Create a view model with an observable array. Then make a refresh method that pulls data, and overrides the observable. Because all items in the array are dependant on the root array, there's no need for them to be observable.

function ViewModel(){
 var self = this;
 self.items = ko.observableArray([]);
 self.refresh = function(){
 getJSON(function(data){
 self.items(data);
 console.log(data);
 });
 }

Refresh once, and then again at the desired interval, e.g., 5 minutes.

 self.refresh();
 setTimeout(self.refresh, 5 * 60 * 1000);
}
ko.applyBindings(app = new ViewModel);

jQuery provides very easy AJAX methods, such as $.getJSON.

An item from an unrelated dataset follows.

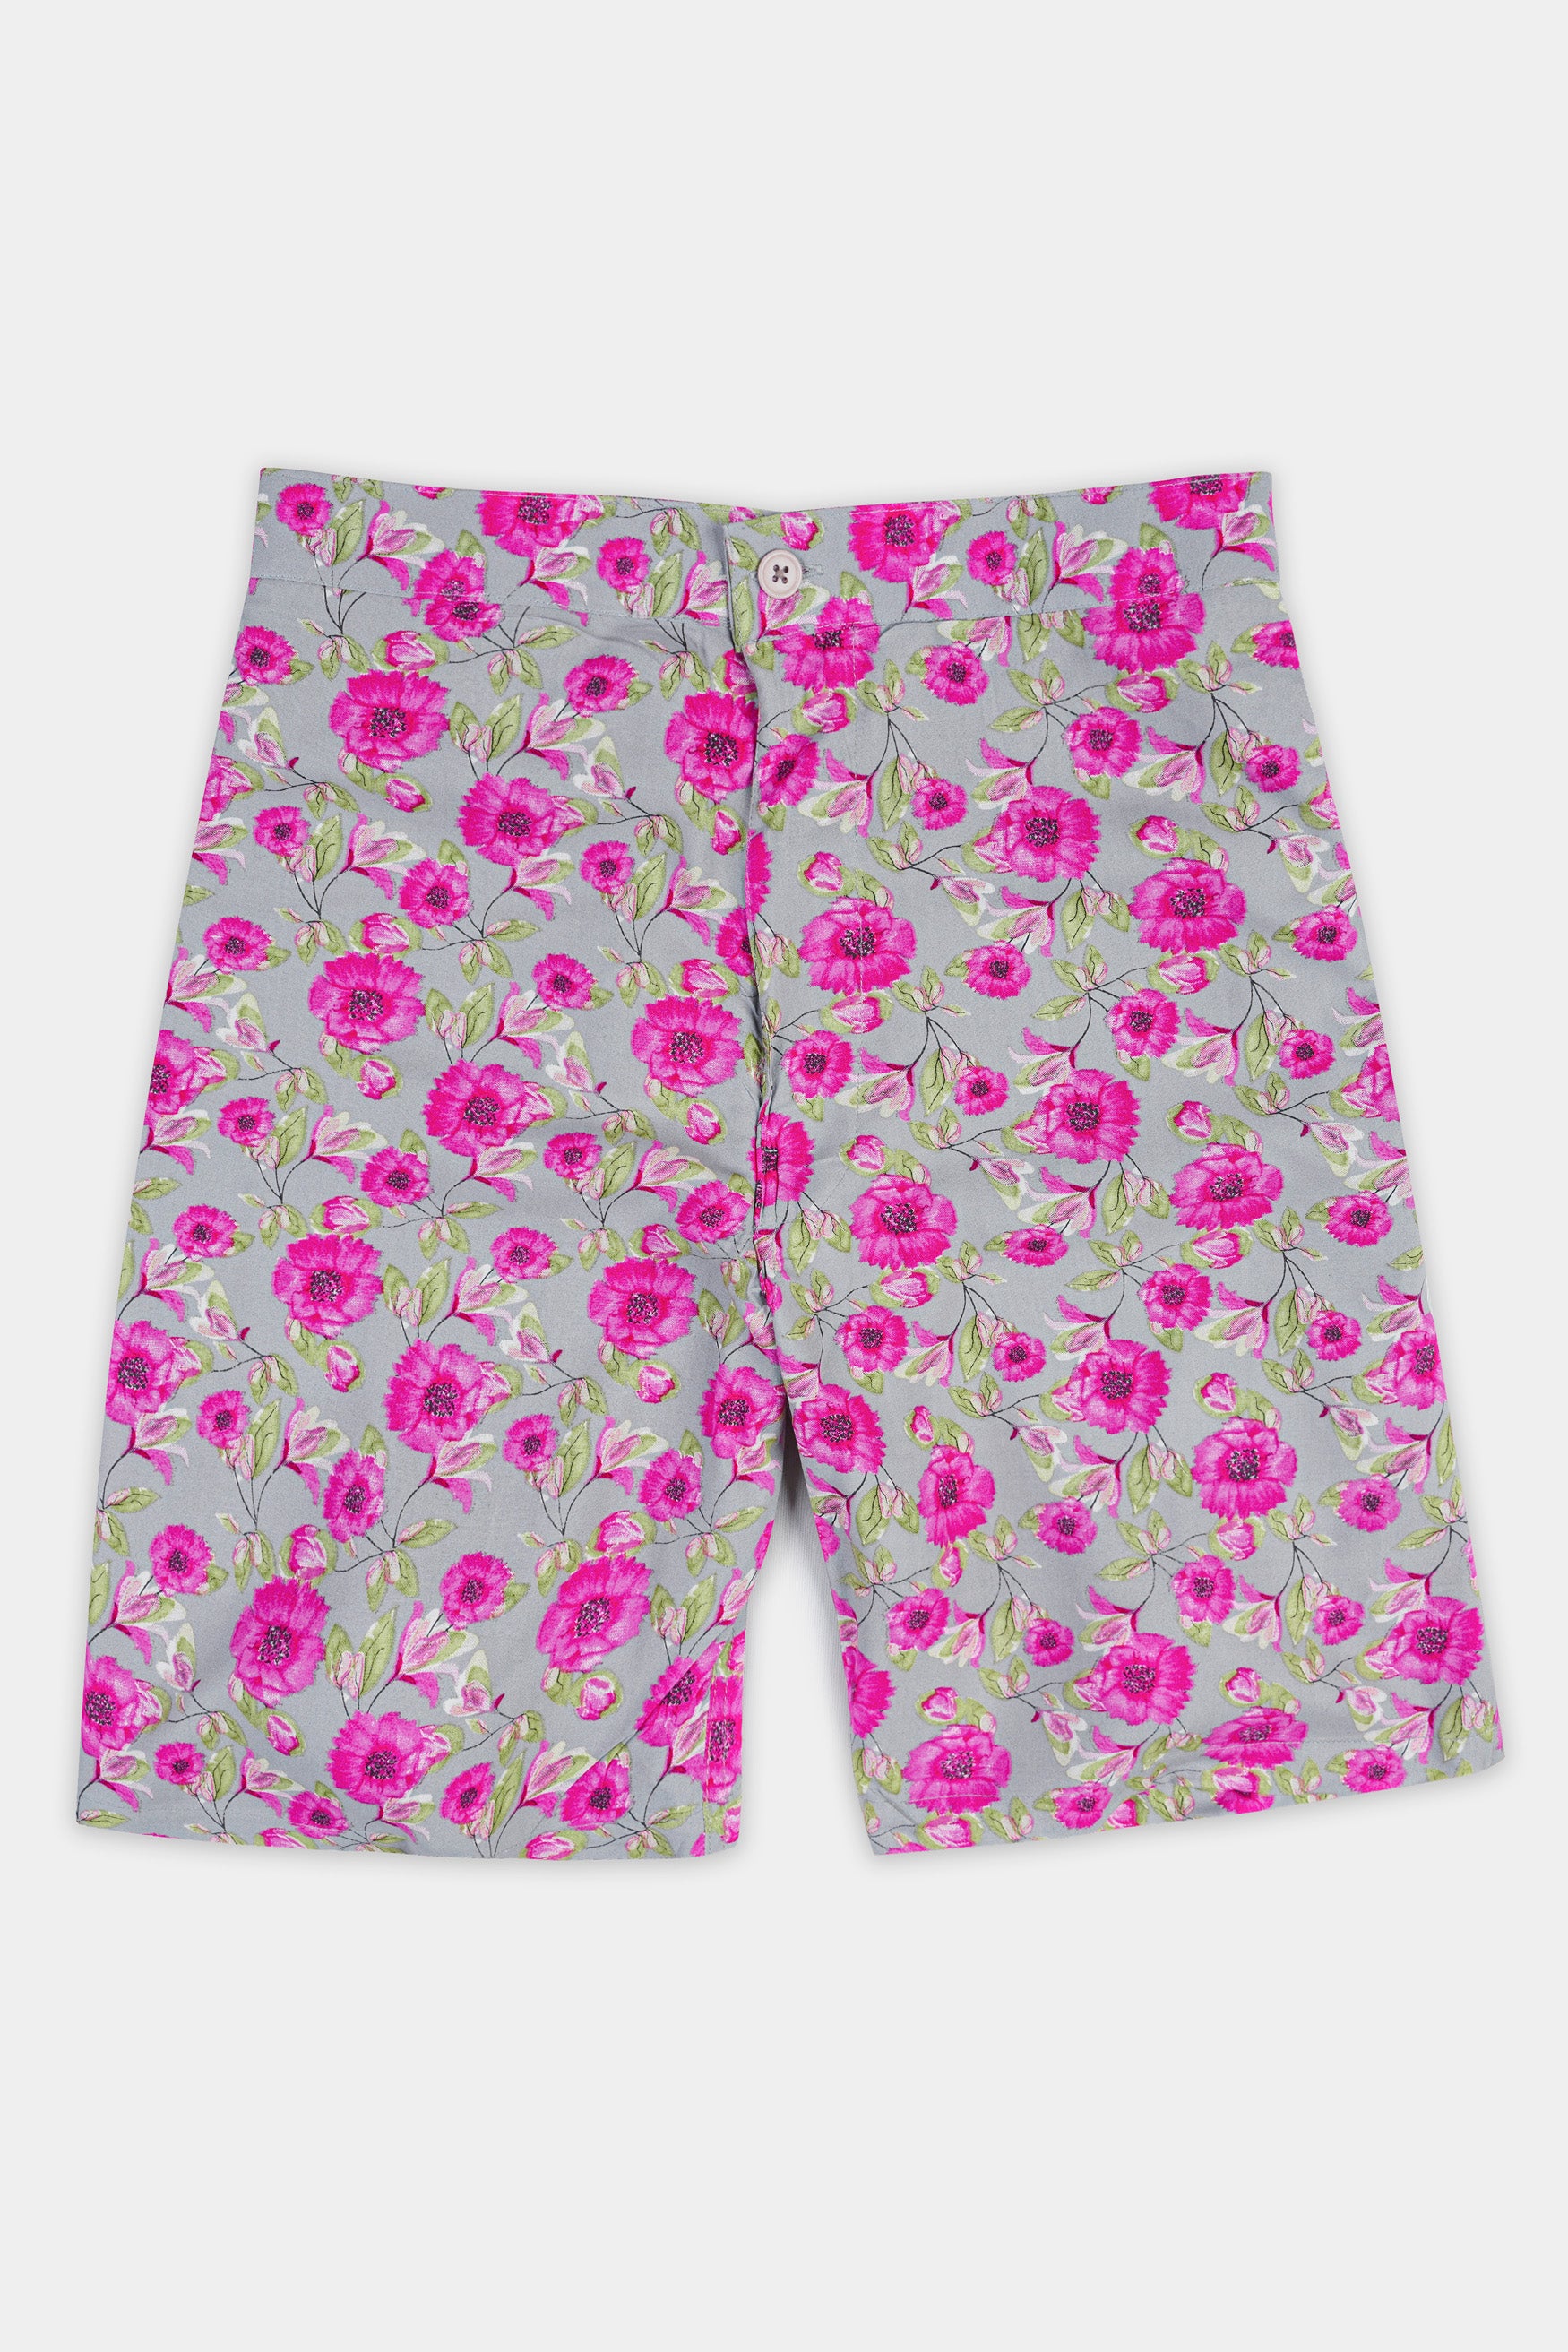 Noble Gray with Hopbush Pink Multicolor Floral Printed Premium Tencel Shorts SR369-28, SR369-30, SR369-32, SR369-34, SR369-36, SR369-38, SR369-40, SR369-42, SR369-44
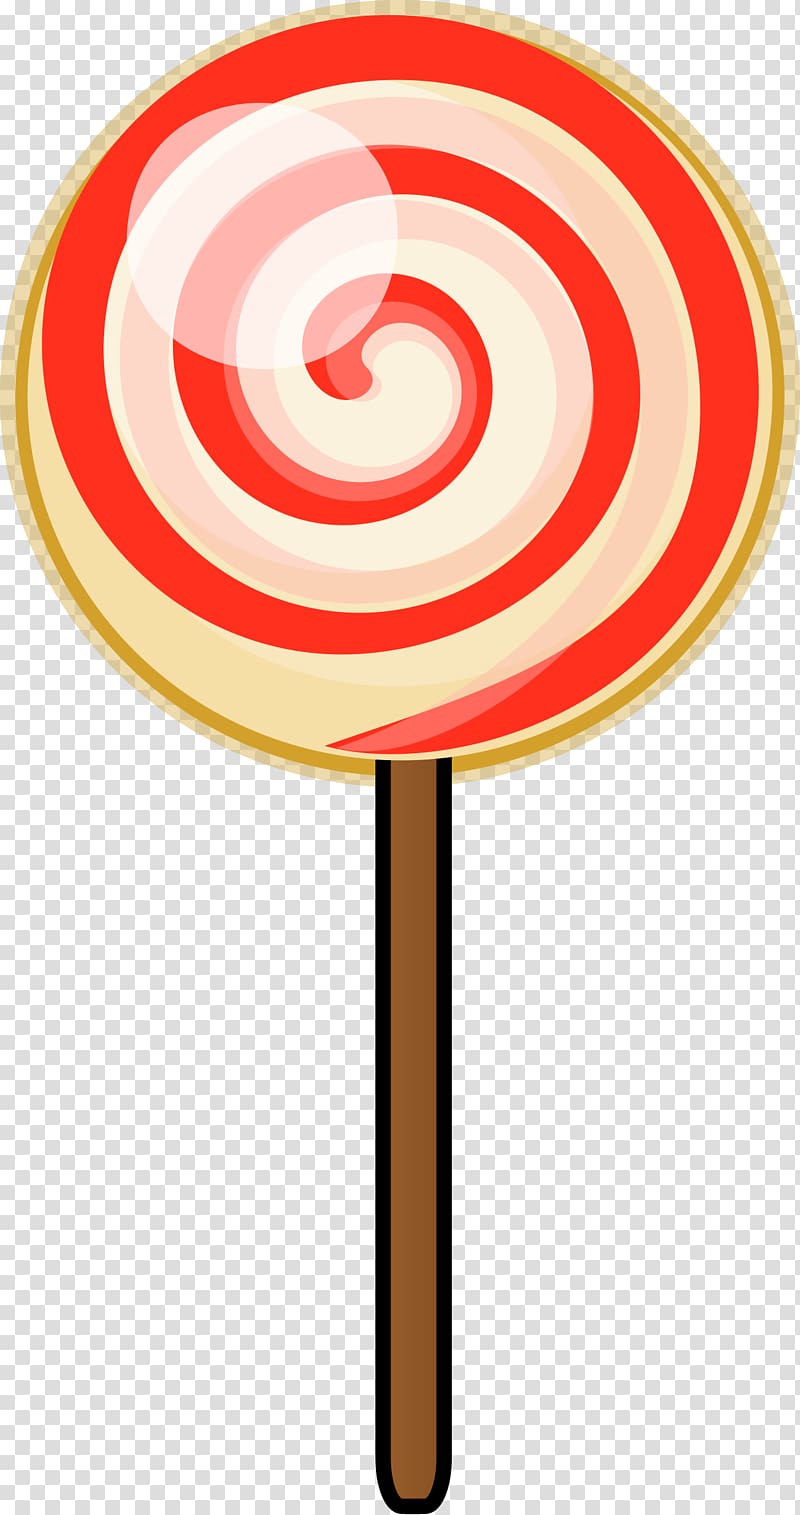 Lollipop Candy Crush Saga, Lollipop transparent background PNG clipart

function getJSON(callback) {
 $.getJSON('tabledata.php', callback);
}

Also, there's a plugin called Live, which syncs data in real time between multiple clients. However it depends on NodeJS, so it may not be a good solution to you (mostly posting it here for future-googlers.

answered Jul 11, 2013 at 1:31

2 Comments

Well, I have this only partially written. I'd love some suggestions on background reading or other similar projects that I could look at.
I gave a jQuery example. It's probably a bit extreme to pull the enter jQuery library into your app for that, but it depends on your performance needs (usually a half a second longer to load). You can find other methods by searching "get ajax json without jQuery".